Катарина кивнула, не в силах говорить. Губы не слушались, язык прилип к нёбу.
Мирослава вышла, и дверь за ней затворилась с мягким, уютным стуком. А Катарина осталась сидеть в этом тёплом, пахнущем травами аду, глядя на огонь, который плясал в печи, и не видя ничего. В голове было пусто и звонко. Только одна мысль билась, как птица в клетке: никто не поможет. Никто. Даже они.
Она сидела так долго, пока за окном не стемнело. Потом, медленно, словно старая, больная старуха, поднялась, поправила платок и вышла в сени. В большой горнице уже зажгли лучины, пахло ужином. Богояр сидел на своём месте, не глядя на неё. Мирослава хлопотала у стола.
— Спасибо, — сказала Катарина тихо, ни к кому не обращаясь. — Я пойду.
И вышла, не оглядываясь.
* * * * *
Вечером, когда солнце уже село и поля погрузились в сумерки, Богояр и Радослав возвращались домой.
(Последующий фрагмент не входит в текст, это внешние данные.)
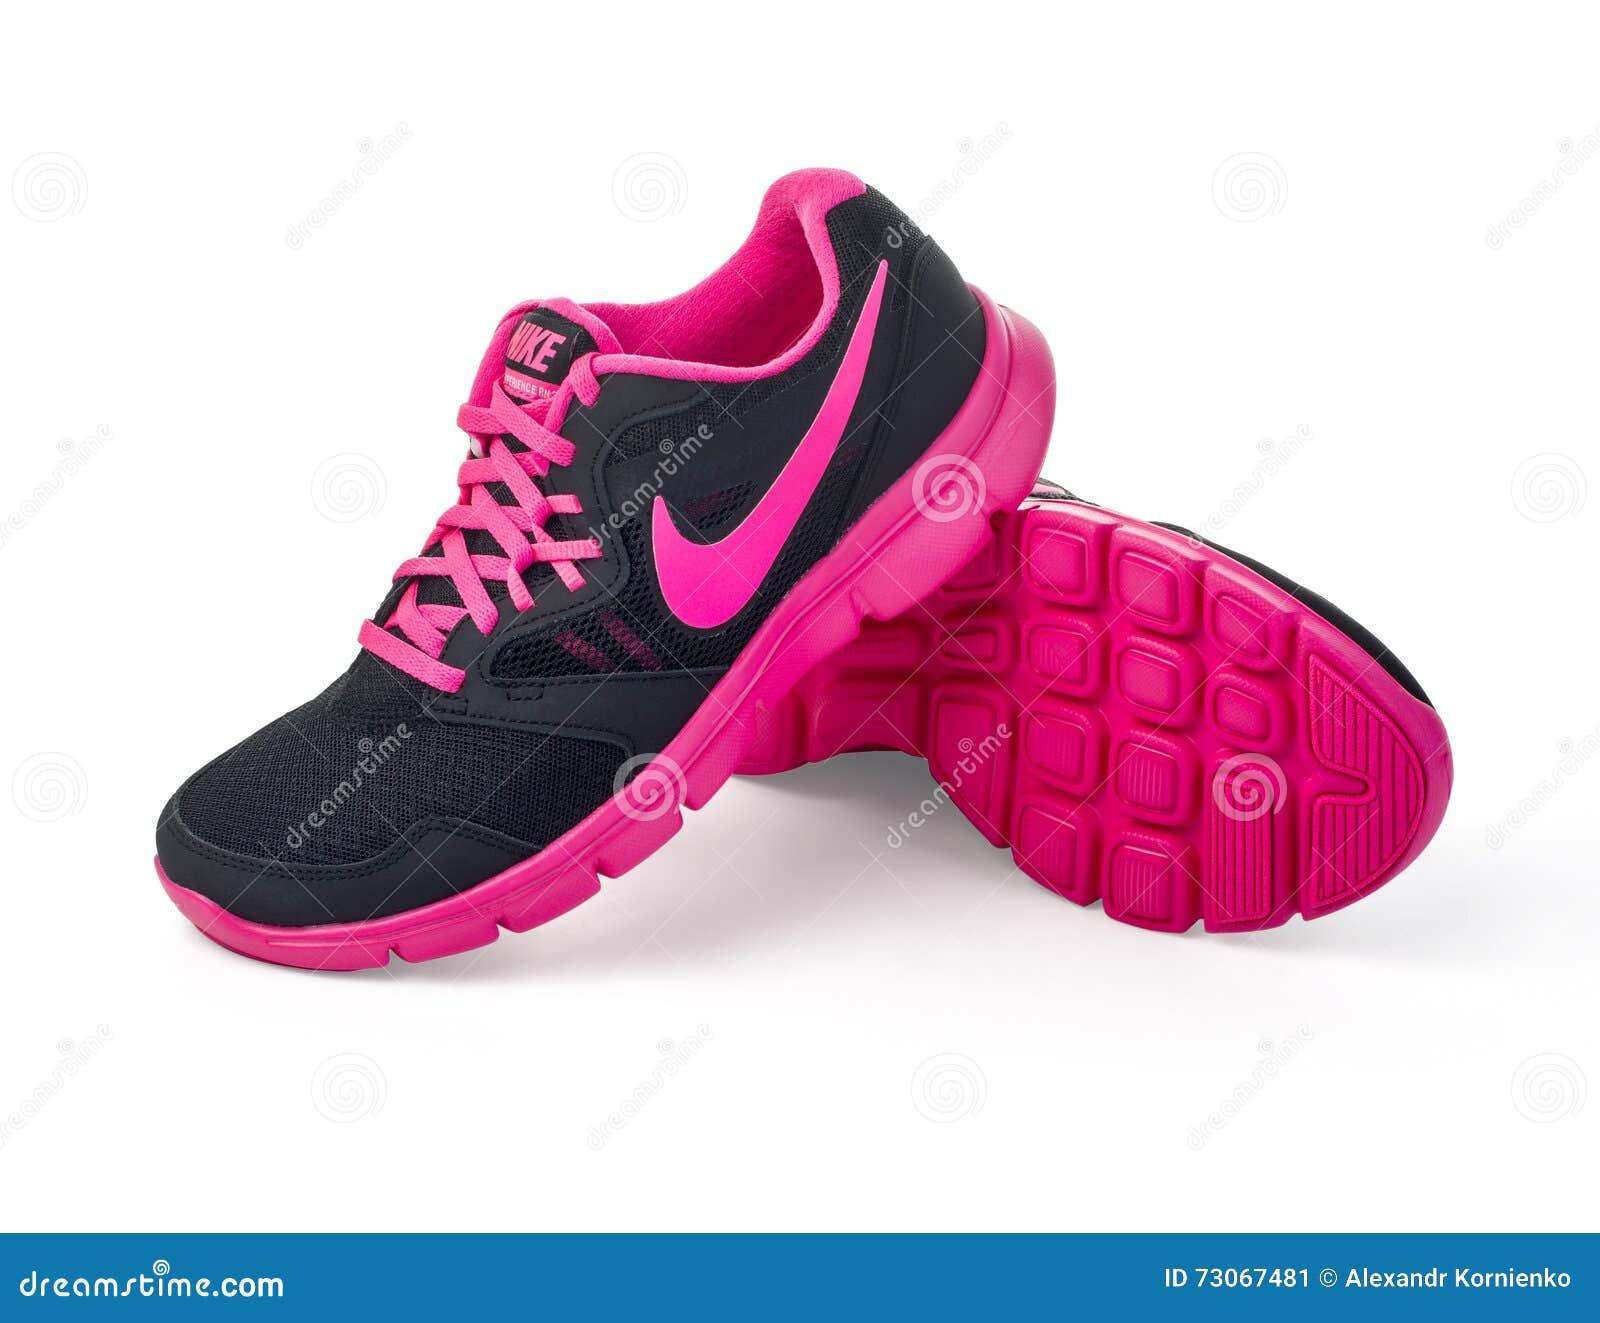 d530c7d755c Chisinau, Μολδαβία 27 Μαΐου 2015: Κυρίας της Nike - τρέχοντας παπούτσια των  γυναικών - πάνινα παπούτσια - εκπαιδευτές, γκρίζος και ρόδινος, ...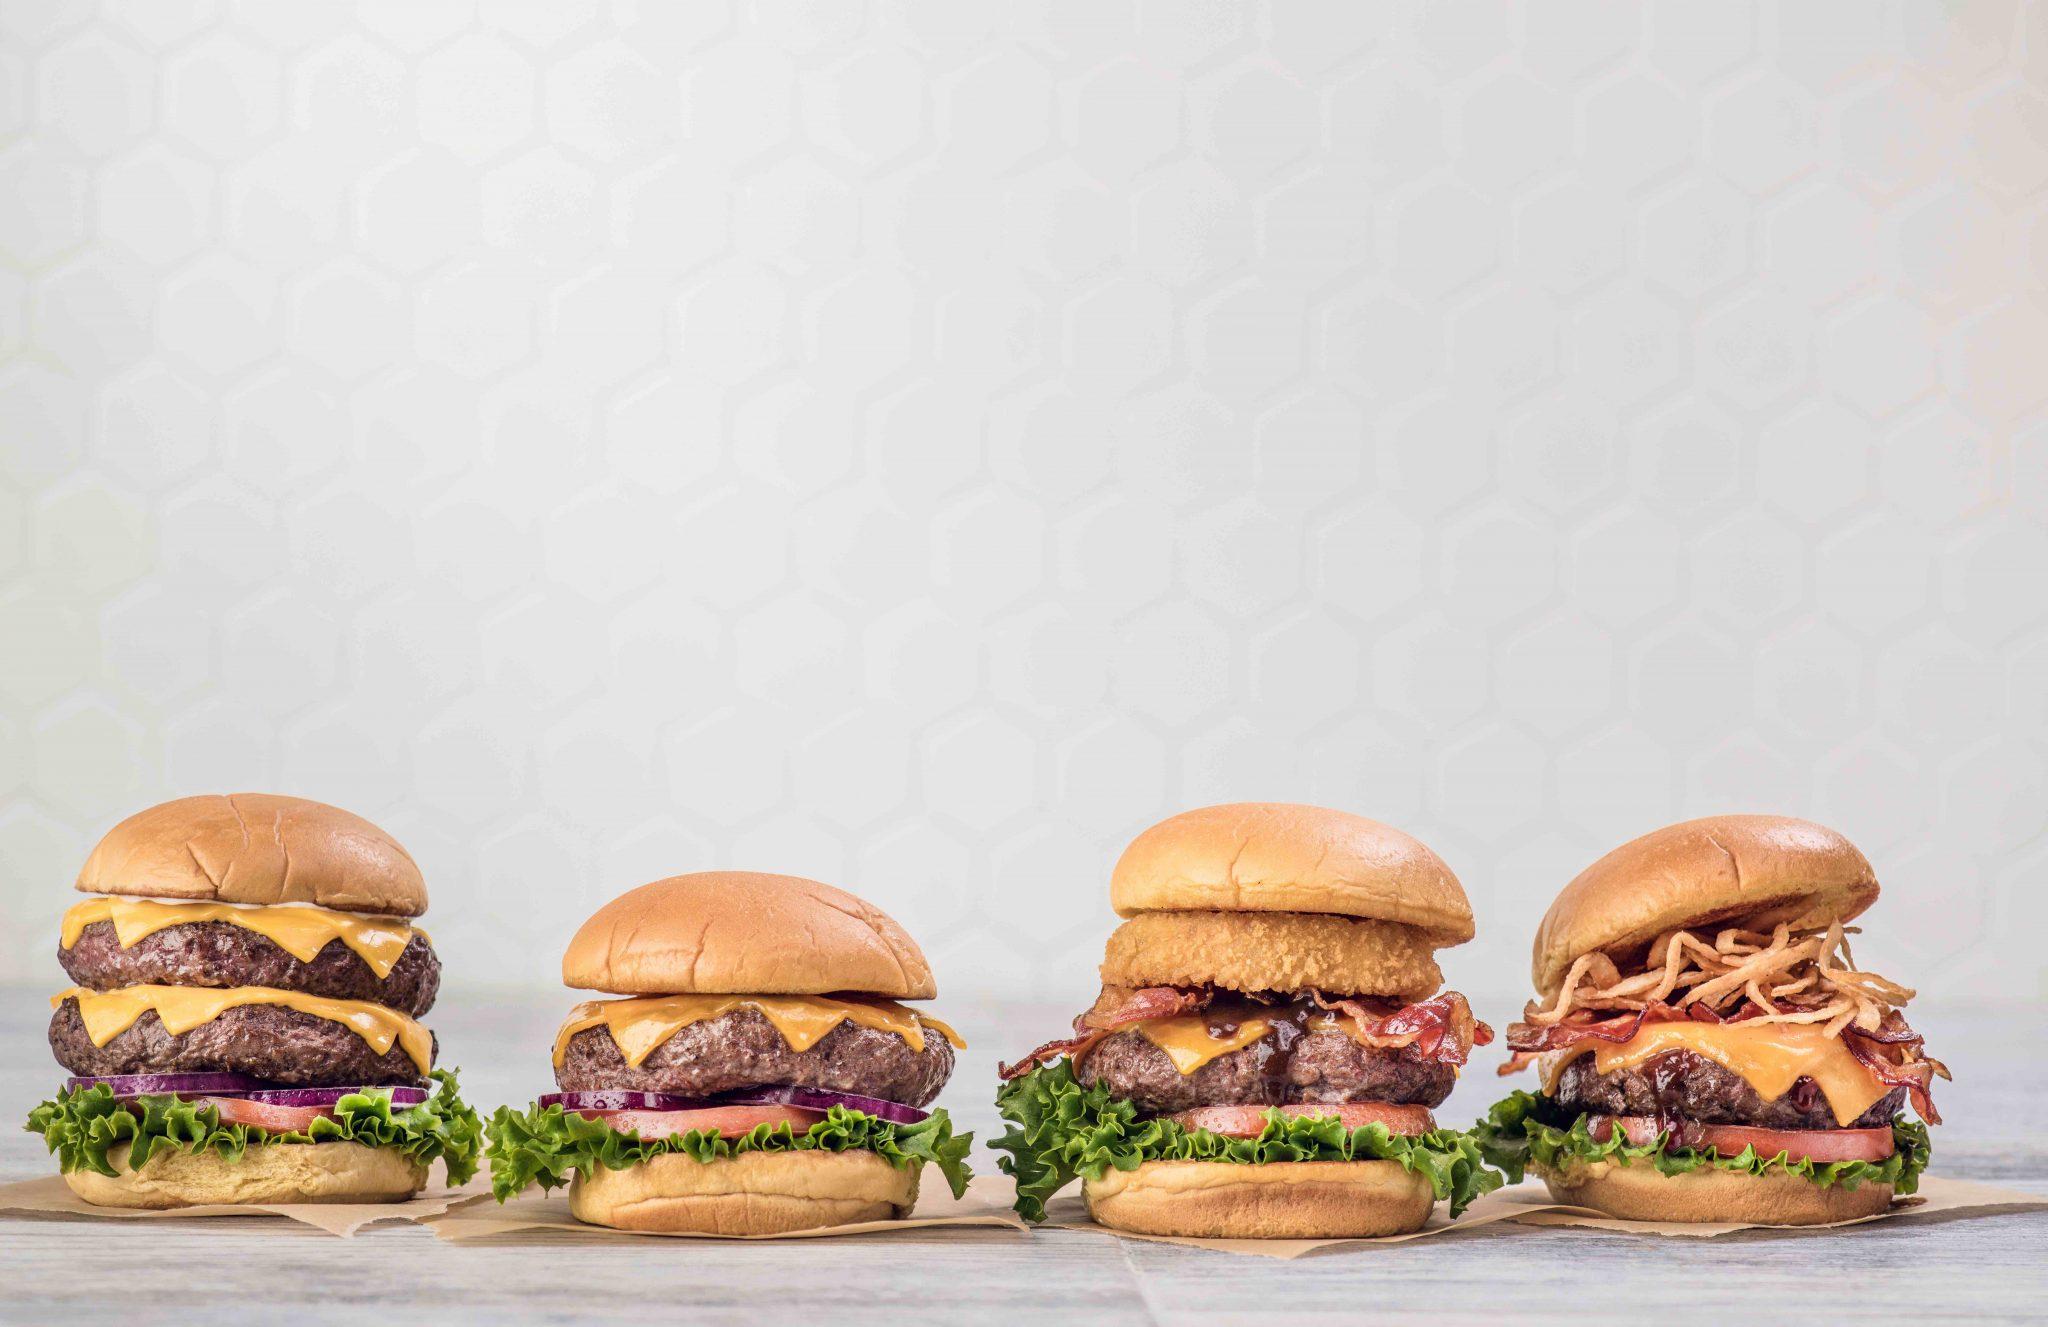 Legendary Steak Burgers

День выдался холодным, ветреным. К ночи обещали сильный мороз, и лошади, чуя холод, торопились, прядали ушами. Поля лежали серые, мёртвые, покрытые тонкой коркой льда — первый снег выпал и растаял, оставив после себя грязь и слякоть. Дорога была разбита, колёса телеги вязли в мёрзлых колеях, и ехали они медленно, молча, каждый думал о своём.
Богояр покосился на сына. Тот сидел, укутавшись в тулуп, и смотрел куда-то вдаль, на лес, чернеющий на горизонте. Мысли его были где-то далеко, и лицо, освещённое последними лучами заката, было спокойным, почти безмятежным. Таким же, как всегда.
— Сын, — начал Богояр негромко, стараясь, чтобы голос звучал ровно, без лишних эмоций. — Поговорить надо.
Радослав повернул голову, посмотрел на отца равнодушно, с ленцой.
— О чём?
— О жене твоей. О Катарине.
Радослав хмыкнул, отвернулся, снова уставился в лес.
— А чего о ней говорить? Жива, здорова, чего ещё?
— Того, — Богояр нахмурился, и в голосе его прорезалась хозяйская нотка. — Она сегодня приходила. Жаловалась на тебя.
Радослав удивлённо поднял брови — удивление вышло наигранным, но Богояр не заметил.
— Жаловалась? На что?
— На грубость твою, на жестокость. Говорит, ты с ней как с вещью, силой берёшь, синяки оставляешь.
Радослав помолчал, потом усмехнулся — криво, нехорошо, и в этой усмешке было что-то, от чего Богояру стало не по себе.
— Бабы, они всегда недовольны. То мало, то много, то грубо, то нежно. Не слушай ты её. Нормально всё у нас. Она глупая, чего-то не поняла просто.
— А ты понимаешь? — Богояр остановил лошадь, повернулся к сыну, заглянул ему в глаза. — Ты хоть знаешь, как с женой обращаться надо?
— Как? — лениво спросил Радослав, и в его равнодушии было что-то оскорбительное, будто он говорил не с отцом, а с досадной помехой. — Как с женой и обращаются. Я её кормлю, одеваю, обуваю. Чего ей ещё?
— Уважения ей надо, — сказал Богояр жёстко, и голос его дрогнул — впервые за долгое время. — Ласки. Нежности. Она не скотина, не холопка — жена. Мать будущих твоих детей.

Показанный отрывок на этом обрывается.